A relaxed environment. I suddenly felt like laughing. I’d met Dom’s parents once for a meal at a local restaurant, as well as two of his sisters and their respective husbands, but it had not been a relaxed environment, and I had spent most of the time in a state of acute anxiety. Dom’s family was a close one, but their way of expressing affection seemed to consist mostly of teasing, shouting, squabbling and violent recriminations for a series of childhood incidents.

It was so different to what I had known that I had kept almost silent throughout the meal, provoking the comment from Dominic’s Ma: ‘Not much of a talker, is she, Dom?’

It was not a promising start; and missing Victoria’s birthday had not helped repair the damage. I feared that Dominic’s family had found me very dull, or worse, thought that I considered myself too good for them.

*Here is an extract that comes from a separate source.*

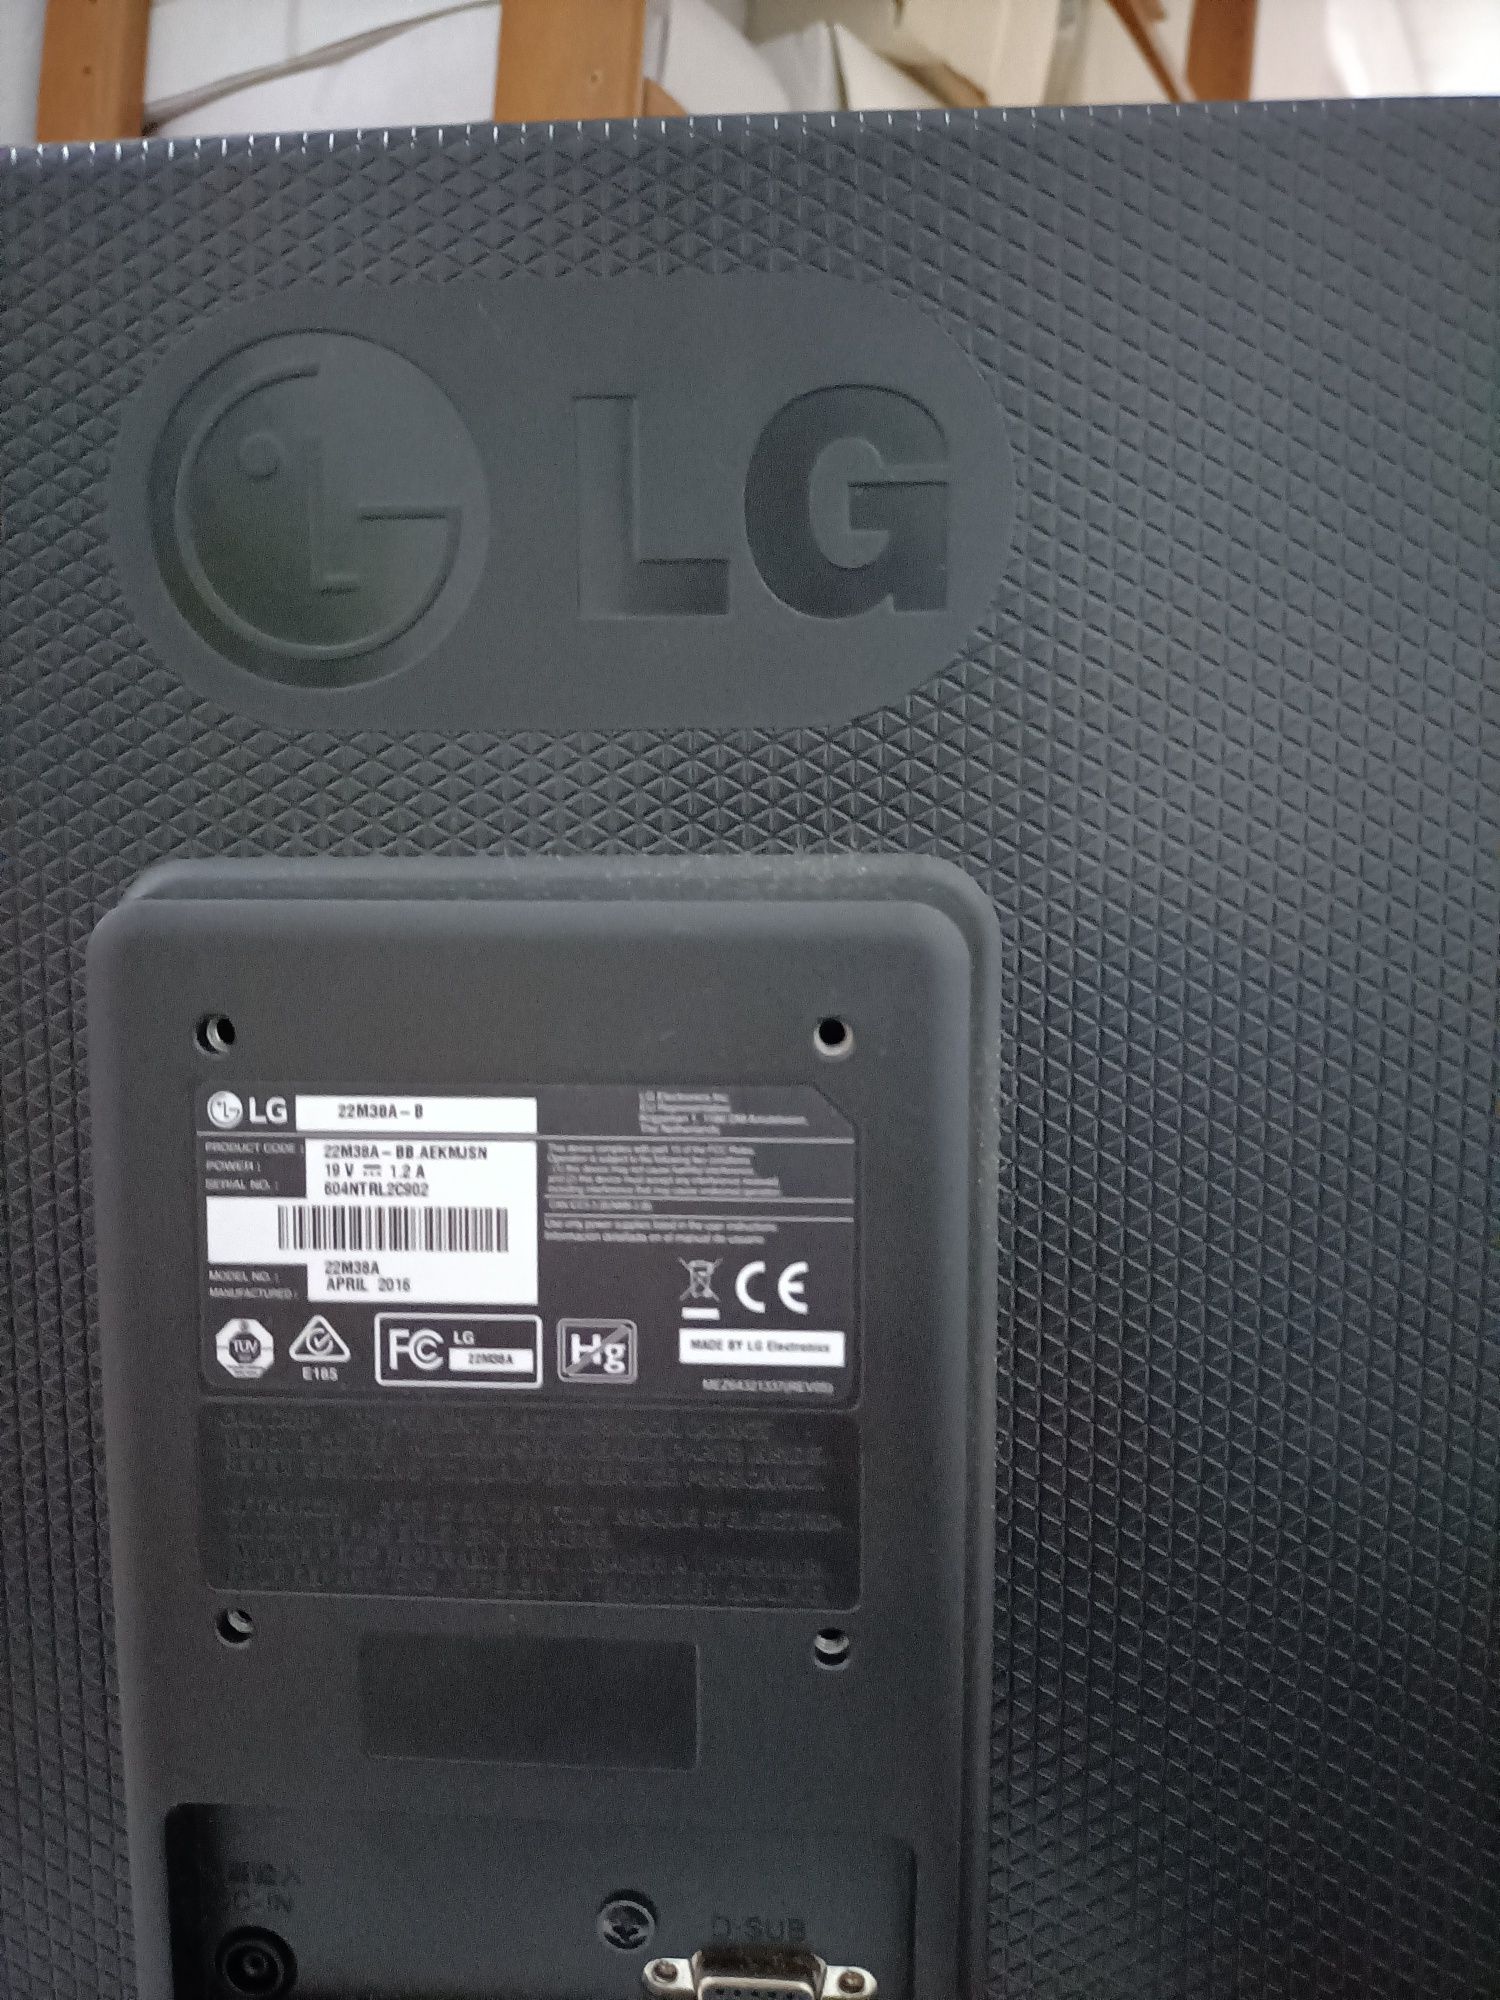 Monitor LG 22M38A - LED 21.5 FULL
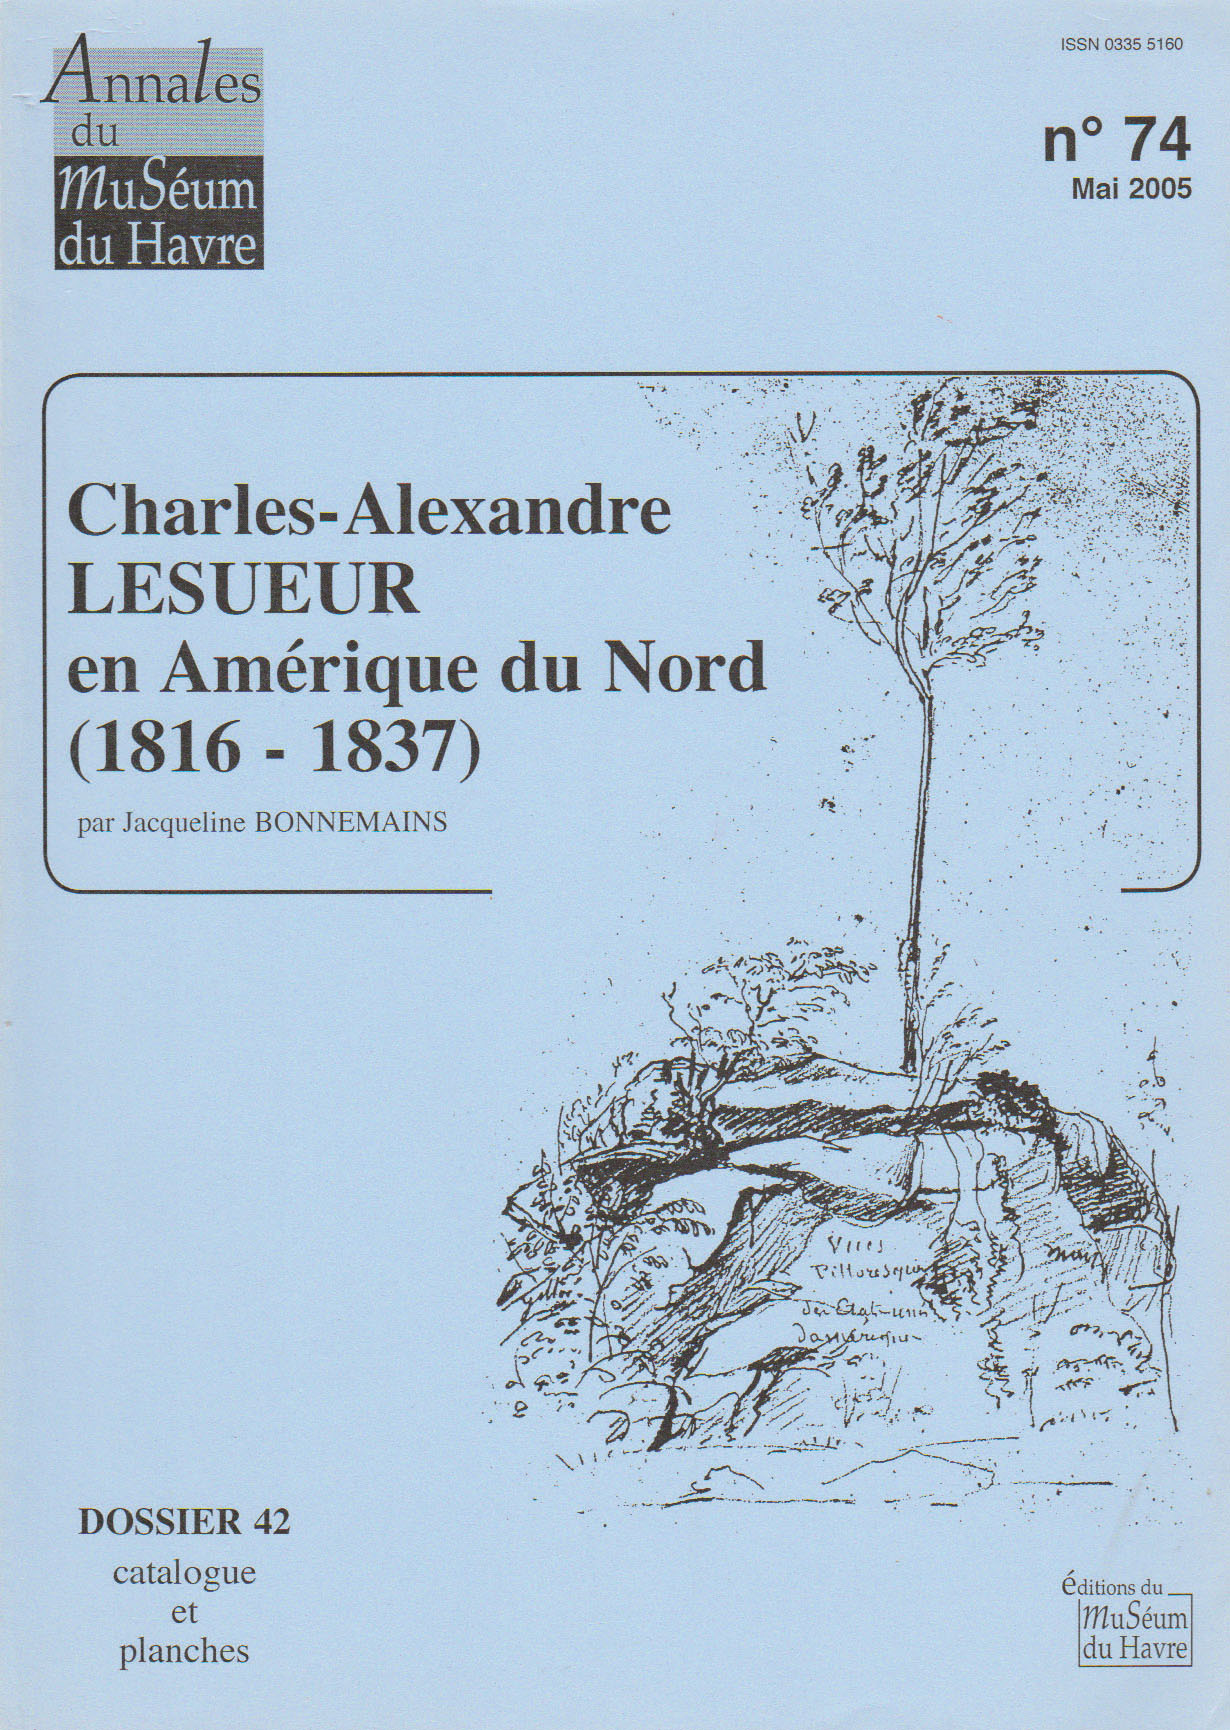 Couverture du catalogue 42, Lesueur en Amrique du Nord, par Jacqueline Bonnemains

Of course Dom had denied this, but I didn’t believe him.

‘I told them you were shy,’ he’d said. ‘And – I hope you don’t mind – but I also told Ma about your therapy, and that business with your brother. No one’s going to bring it up, I swear,’ he went on quickly. ‘I just wanted everyone to know you’ve been through a lot, and it isn’t your fault, and how sweet and wonderful you can be when you let your defences down.’

Of course, he never realized how little he had ever seen of what was behind my defences. I’d lied to him from the very start; our time together was woven through with bright threads of betrayal. But Dominic was a simple man, and assumed that everyone was equally so.

He saw the empty breakfast tray on the dressing table, and smiled. ‘Was it good?’

‘Delicious,’ I said.

He kissed me. I could smell his cologne, and the memory of the joint he’d smoked the previous night before going to bed. And I wanted to please him: I wanted to be the trusting girl he thought I was; sweet-toothed, eating my French toast, excited at the prospect of my very own birthday party.